This illustrative example depicts a common DMZ configuration. The Web App Server is sandwiched between two firewalls. The External Firewall only allows inbound connections from the public Internet on the ports required for the web, and those connections are directed to the Web App Server to process the inbound request from the user’s browser. Like the previous example, user interactions require the Web App Server to communicate with the database. When that occurs, the internal firewall is configured to only accept data from the Web App Server on port 1433 with the App Database’s IP address as the destination.
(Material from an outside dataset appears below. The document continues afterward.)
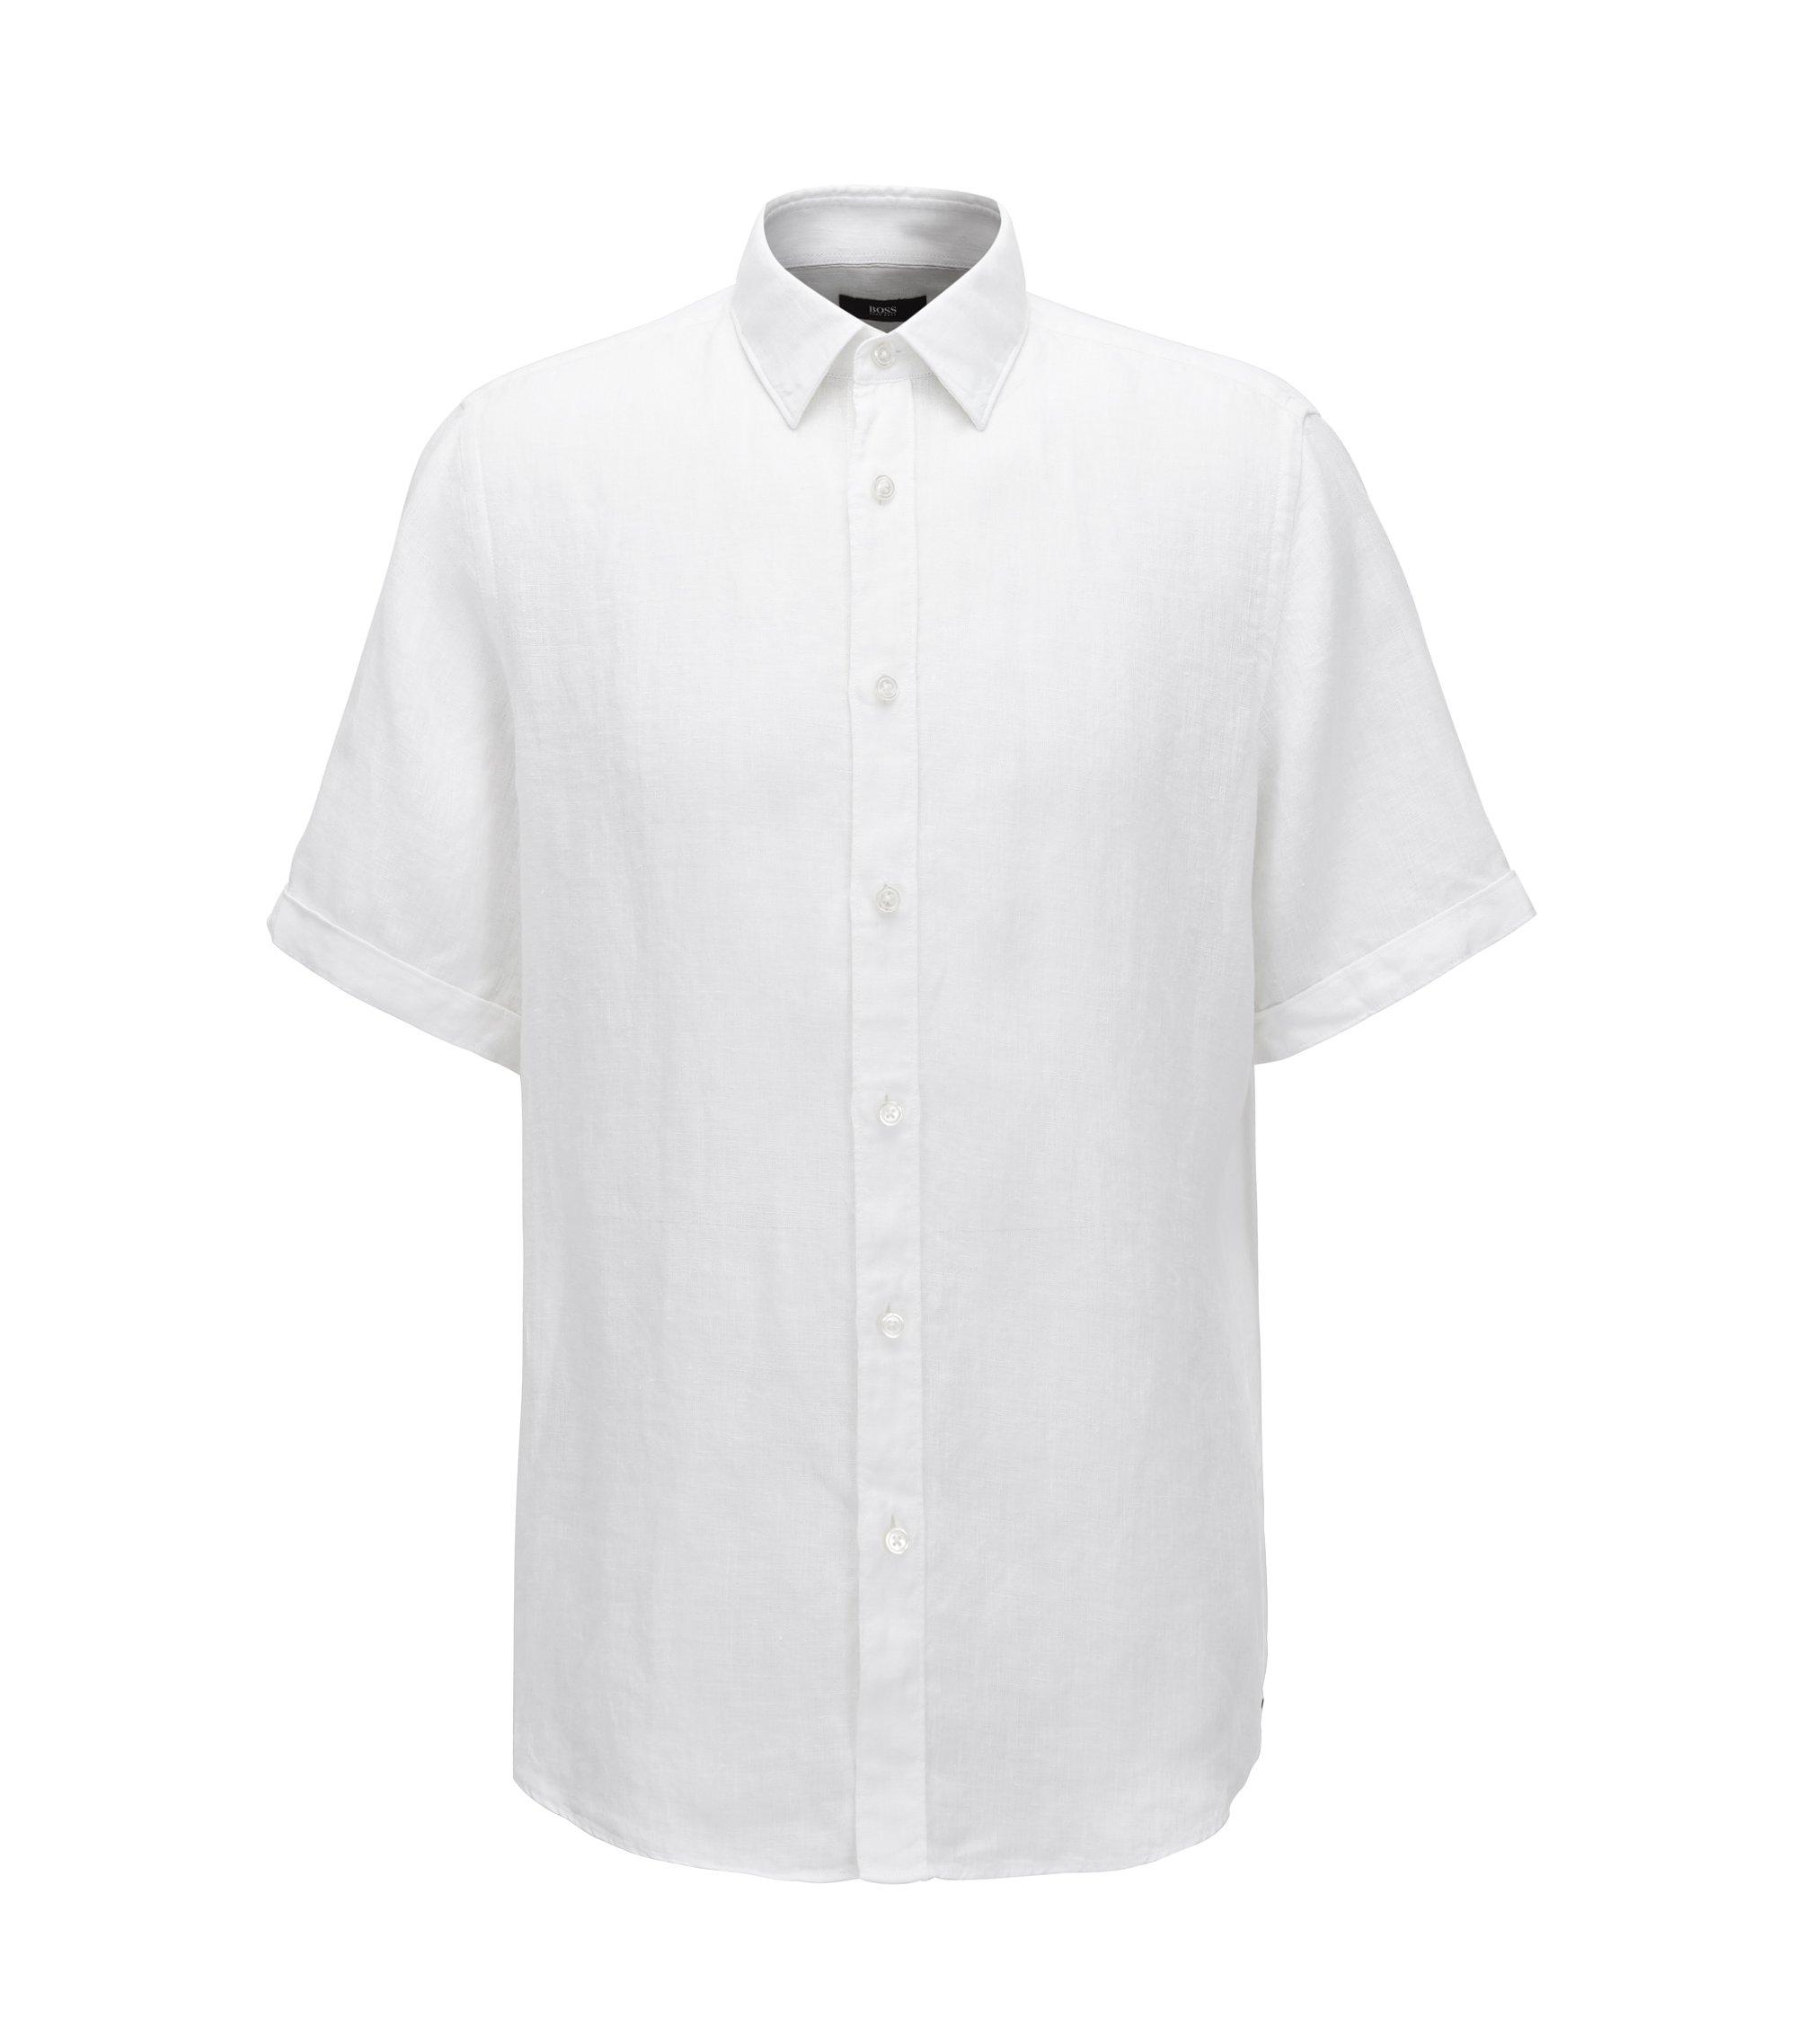 Regular-fit overhemd met korte mouwen in gewassen Italiaans linnen, Wit

If the Web App Server were compromised, only the App Database would be visible, and only on port 1433. This greatly reduces the attack surface area and increases the difficulty of secondary attacks. If, however, the internal firewall was not in the above diagram, compromising the Web App Server would provide visibility into the entire corporate network, with which a threat actor could scan the network for additional vulnerabilities and potentially escalate privileges, steal data, install backdoors for future use, execute ransomware, and any other variety of cybercrime.

Evidence

Once implemented, we recommend organizations retain diagrams like the ones in this article that depict the desired separation for each publicly accessible system or component. For Level 1 organizations performing a Self-Assessment, we also recommend obtaining and retaining evidence (e.g., configurations, screenshots, etc.) that demonstrate the implementation conforms with the diagram.

Conclusion

It’s a bad day when you discover a breach in an external system. That alone is a nightmare scenario for an organization. However, a single server compromise is a far preferable outcome to an entire corporate network compromise.
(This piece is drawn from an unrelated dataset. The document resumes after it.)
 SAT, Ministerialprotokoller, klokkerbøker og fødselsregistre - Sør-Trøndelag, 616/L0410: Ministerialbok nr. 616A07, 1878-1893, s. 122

SC.L1-3.13.5 – Public-Access System Separation – is intended to help prevent a breach event from going bad to worse. Its requirement to identify publicly accessible systems and separate them from internal systems, usually with some form of DMZ, can prevent an external system breach from turning into a full network breach. Additionally, it’s an uncontroversial long-standing network security best practice.
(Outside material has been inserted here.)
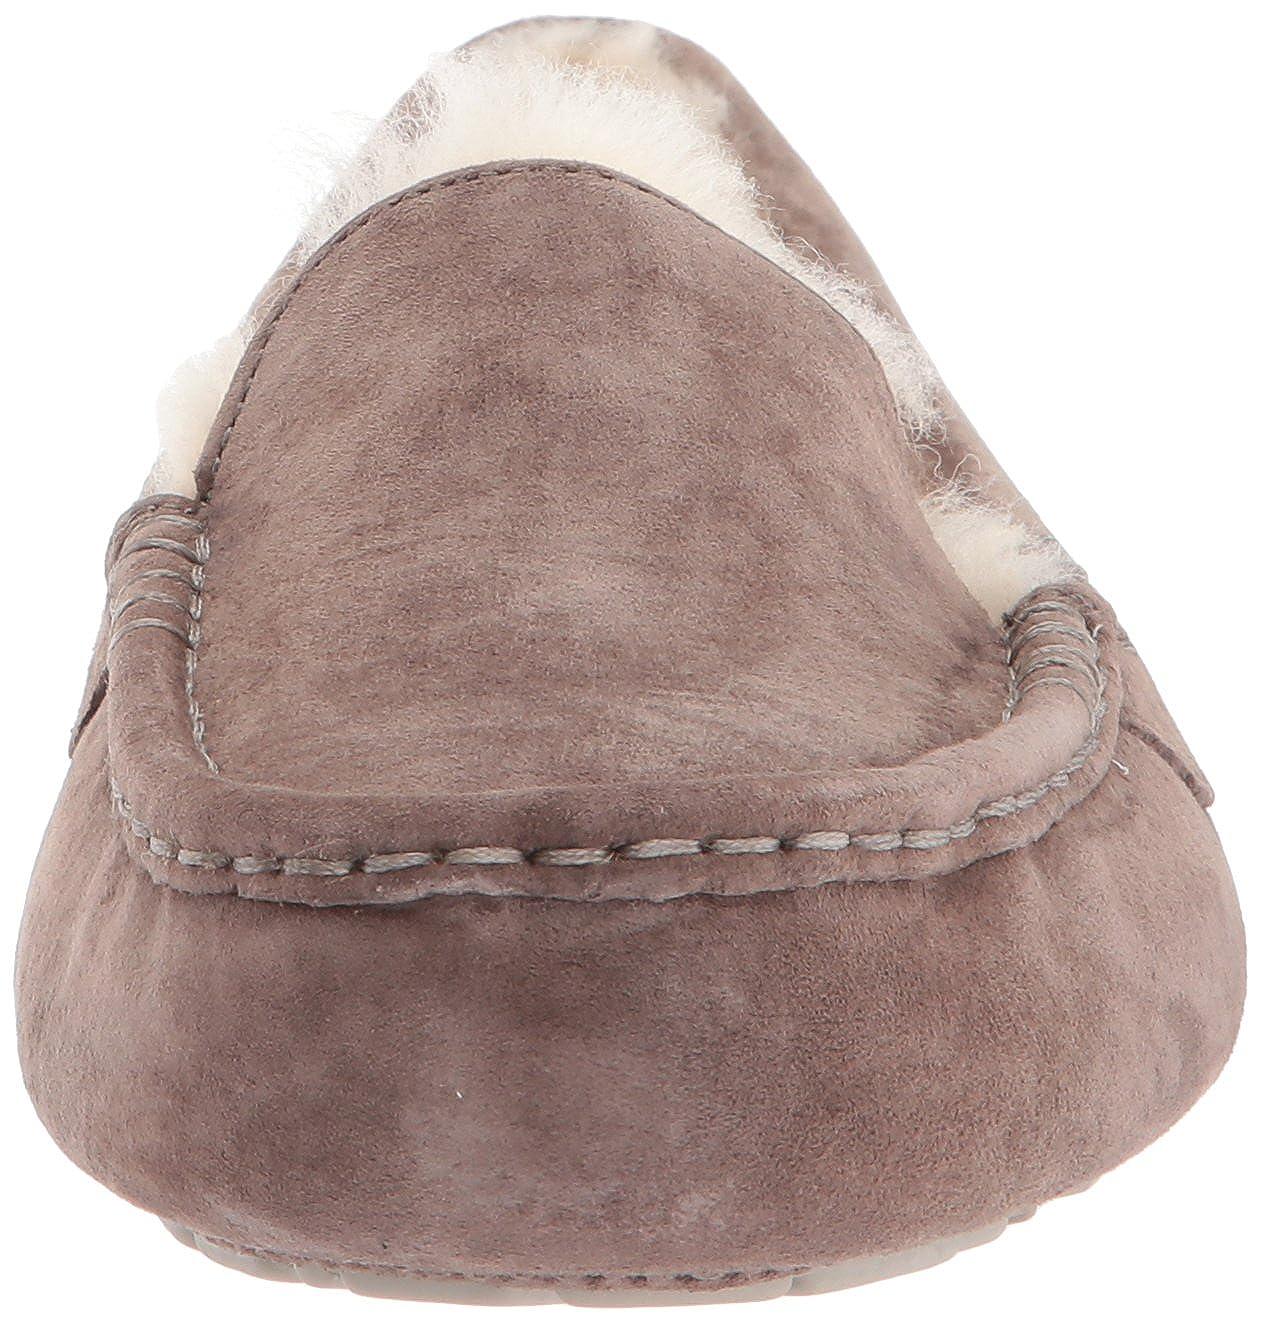 Ugg Australia Mujeres Scalloped Mocasines, Talla: Amazon.es: Zapatos y complementos

Not all CMMC requirements are created equally. If MA.L2-3.7.6 – which requires supervising maintenance staff, including custodial staff, plumbers, and others – went the way of the dodo, I wouldn’t expect the candlelight vigil to last long into the night.

In contrast, SC.L1-3.13.5 – Public-Access System Separation, ranks near the top in terms of actual security benefits and we recommend organizations implement this one with rigor.

 

Many DoD contractors will not have the expertise or resources needed to perform a CMMC CMMC RPOreadiness assessment, identify the gaps, and develop corrective action plans. In these cases, the contractors are turning to cybersecurity consultants with knowledge of NIST and the CMMC framework. If you want to learn more about CMMC, Keiter’s team of cybersecurity specialists can help you. Email | Call: 804.747.0000.

Our team will continue to monitor the rollout of the CMMC program and update you on new information and changing requirements for DoD contractors.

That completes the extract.